I only wish Mom and Dad could say the same. When the Met Opera season shut down, we lost four wonderful operas on our subscription.
Der Fliegende Holländer (The Flying Dutchman) was the first casualty.
|Photo by Beth Bergman|
La Cenerentola (Cinderella) was the second.
|Photo by Ken Howard|
Werther was the third, and
Tosca was the fourth.
Of course, we have all had to deal with stores and businesses closing, hoarders swooping in and depleting shelves of necessary goods for the rest of us and social isolation on a massive scale. Most people think of me as a social butterfly, but the truth is that I have a strong “hermit” streak in me and have always found periodic, self-imposed hibernation to be good for my soul. It recharges my batteries and re-centers my thoughts. That said, however, enforced isolation is beginning to get to me, too.

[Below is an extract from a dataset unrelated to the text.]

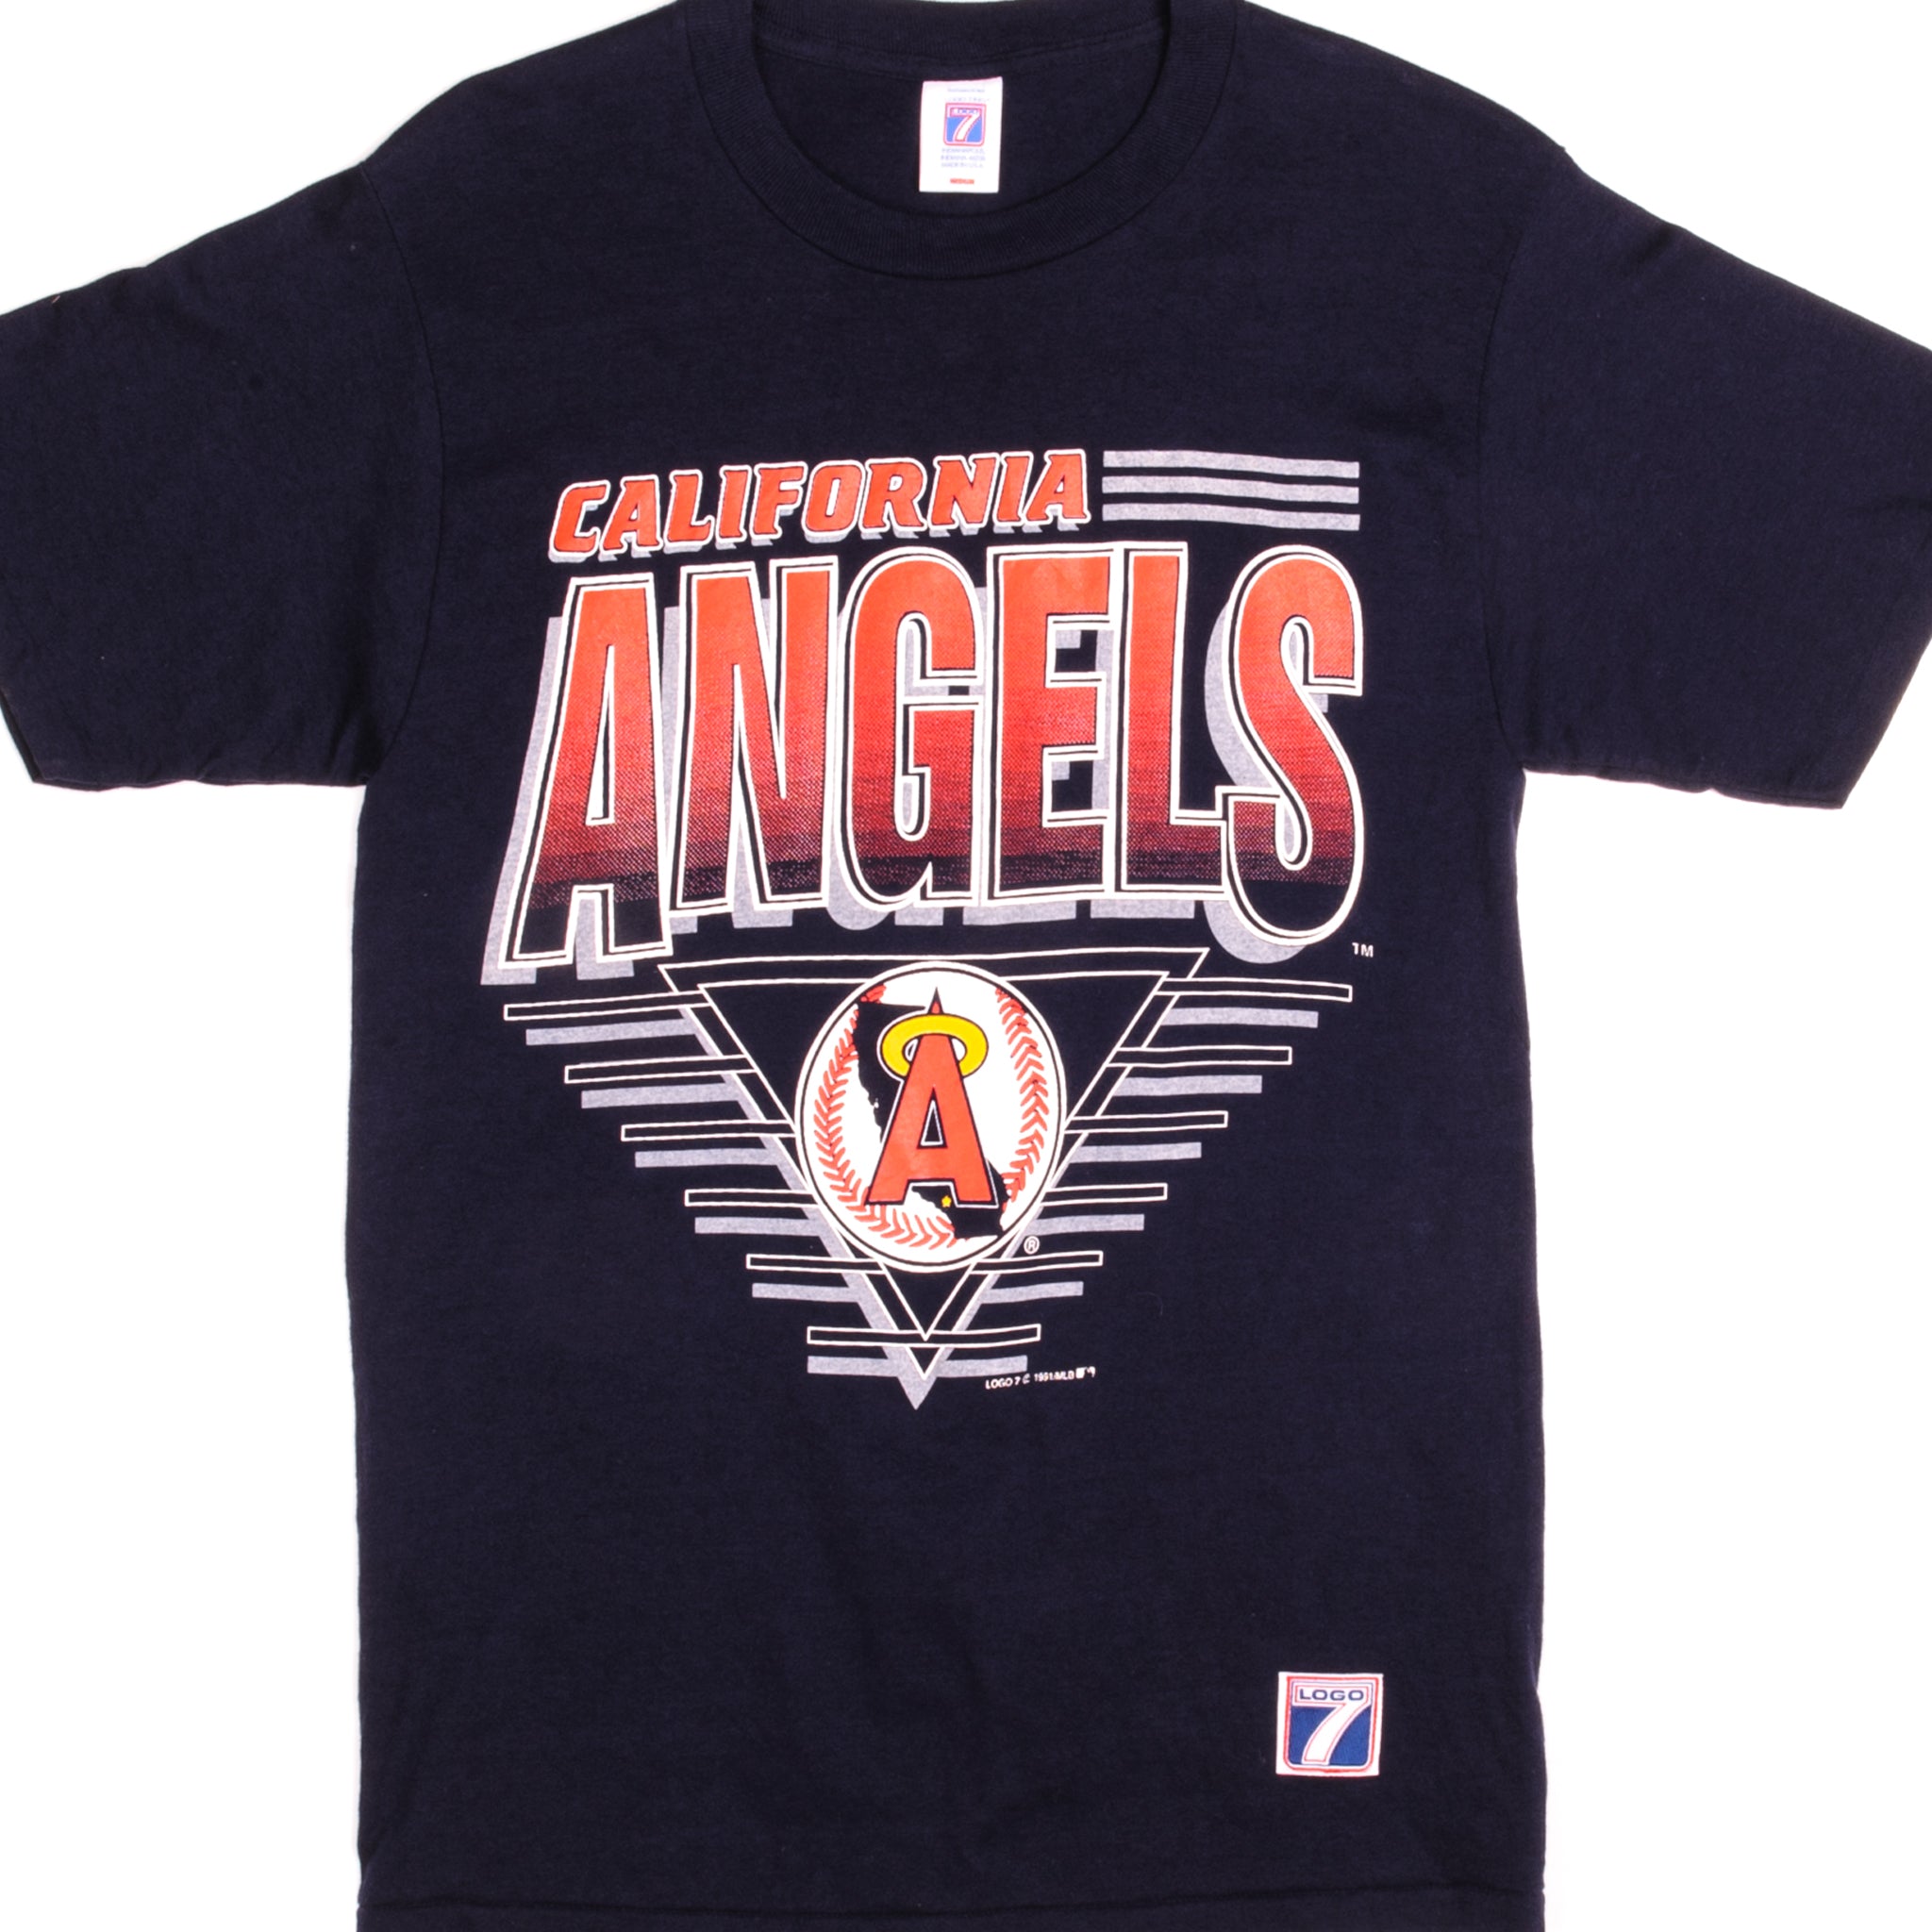 1988 California Angels Shirtangels Champion Shirt 80s Angels 
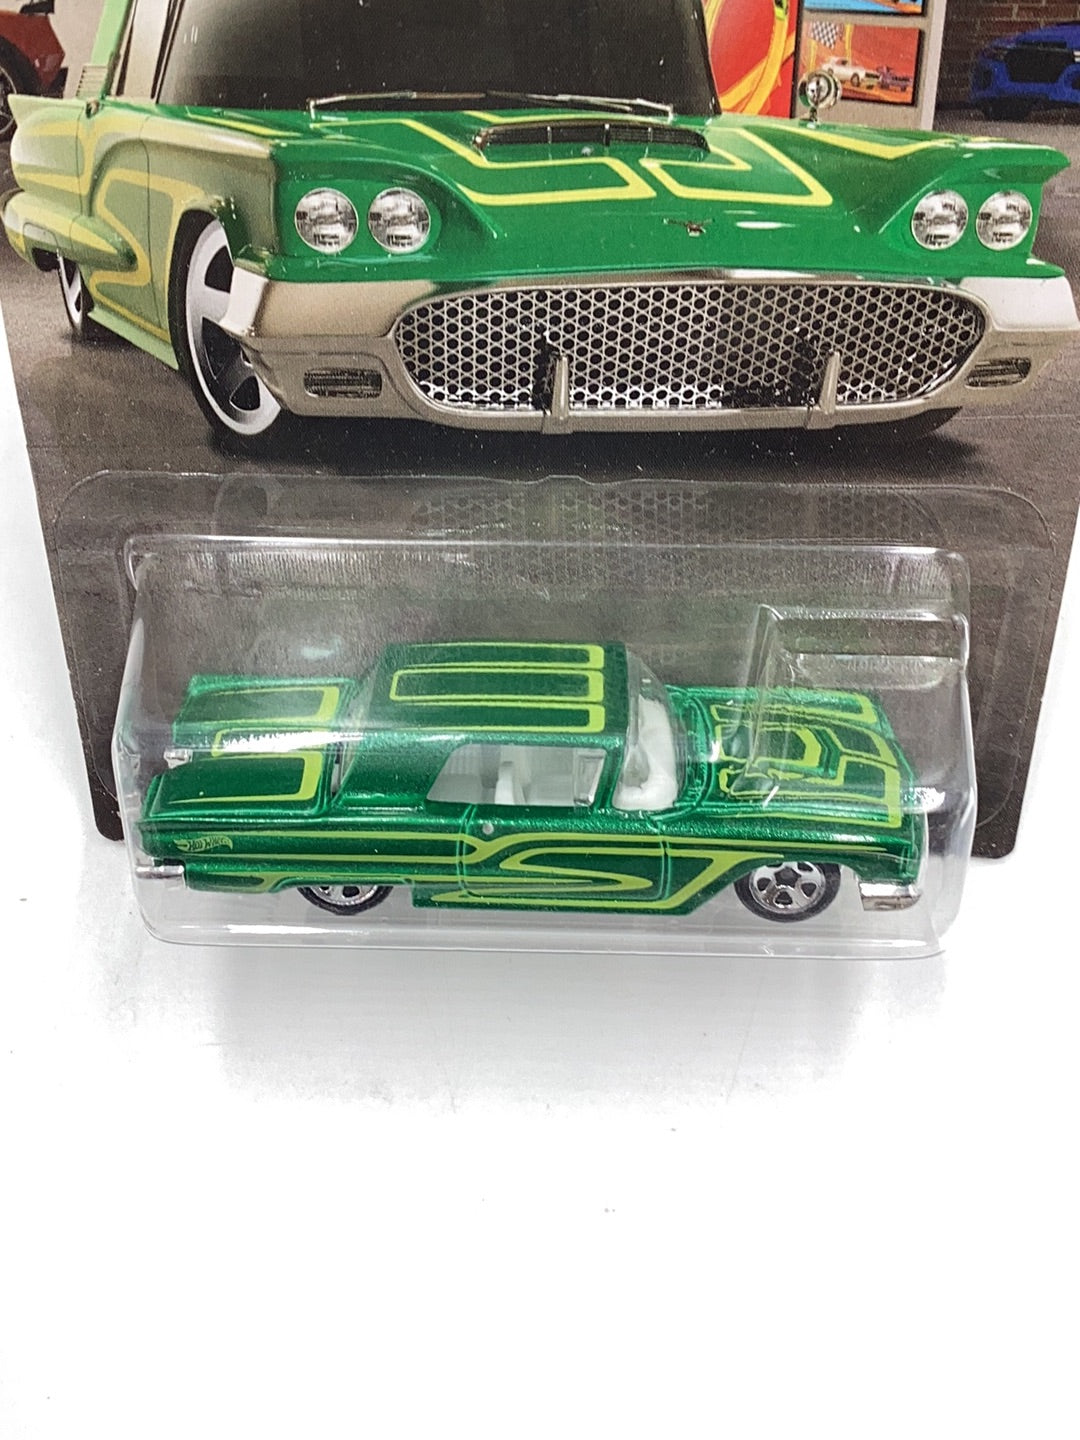 Hot Wheels Garage 9/10 58 Ford Thunderbird 151B

I keep in touch with friends and have a four-story townhouse to rattle around in, so I am luckier than the New Yorker or Parisian sitting 24/7 in a tiny studio apartment staring at the same four walls day in and day out. While I am getting a bit antsy to get out and about again, I do count my blessings, especially those unexpected ones from friends.
A beautiful bouquet arrived from my friend Anna, which I put in a Met Opera wine cooler. It sits on the credenza in my office and reminds me of all the natural and lyrical beauty just waiting to embrace me when this is all over.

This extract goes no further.